Breaking News
Biarawati, sebuah ilustrasi (Foto : Suara)

Ke-Arab-araban

Oleh: Desi Suyamto

Biarawati, sebuah ilustrasi (Foto : Suara)

Dua adik perempuan dari Eyang Kakungku – RM Sutantio Purnowidagdo adalah Biarawati Katolik. Kedua Eyang Putri Alitku itu bernama: Sr. Ursulia dan Sr. Agnesien. Semasa masih sugeng Sr. Ursulia mengabdi di Gereja Katolik Hati Kudus Yesus, Ganjuran, Bantul, Yogyakarta. Sedangkan Sr. Agnesien mengabdi di RS Santo Borromeus, Bandung. Salah satu keponakan Eyang Kakungku , yaitu Budheku – juga menjadi Biarawati Katolik – Sr. Valery namanya, lama tinggal di Belanda dan selanjutnya mengabdi di RS Panti Rapih, Yogyakarta hingga akhir hayatnya. Salah satu Mbakyu Sepupuku dari garis Eyang Putriku R.Ay. Siti Rukiyah , juga seorang Biarawati Katolik, Sr. Yovanni namanya yang saat ini mengabdi di Santo Fransiskus Assisi, Salatiga.

Tak pernah sama sekali, kami yang muslim lantas khawatir: “Gawat! Keluarga kita sudah mulai ke-Roma-romaan, nih! Nama-nama dan pakaian Eyang-eyang Putri kita, Budhe kita dan Mbakyu kita sudah mulai ke-Vatikan-vatikanan! Mereka sudah tidak sanggulan, berkebaya dan nyampingan lagi! Parah!”. Sama sekali, tidak pernah!

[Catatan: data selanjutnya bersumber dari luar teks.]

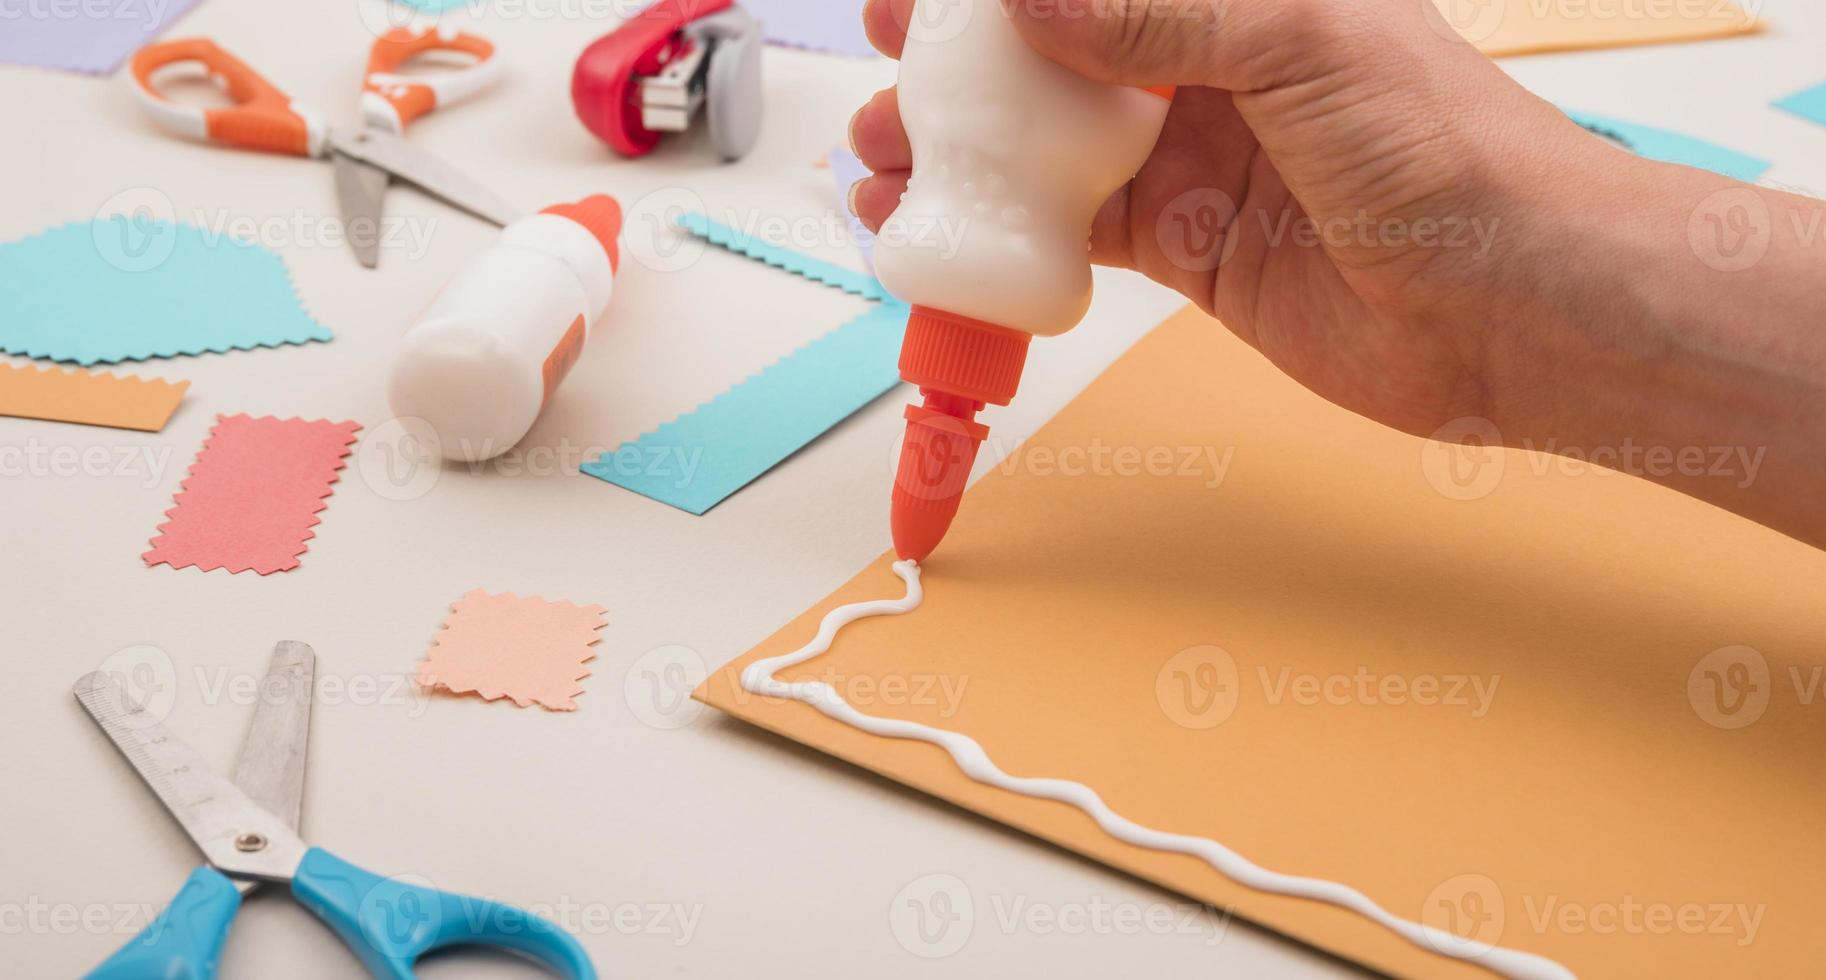 mão aplicando cola branca em papel laranja foto

Pada tahun 1981-1983 aku mengenyam pendidikan di sekolah Katolik SD Mardi Rahayu I Ungaran, yang saat itu dipimpin oleh Sr. Gertrudis. Ketika pertama kali aku diminta untuk memimpin doa di kelas sebelum pelajaran dimulai , aku melafalkan keras-keras: “Robbi zidni ilman, warzuqni fahman! Aamiin!” karena sebagai murid pindahan baru, aku belum mengenal doa-doa Katolik. Suster malah berterimakasih dan tersenyum kepadaku dan sama sekali tidak pernah mengatakan bahwa aku “ke-Arab-araban!”.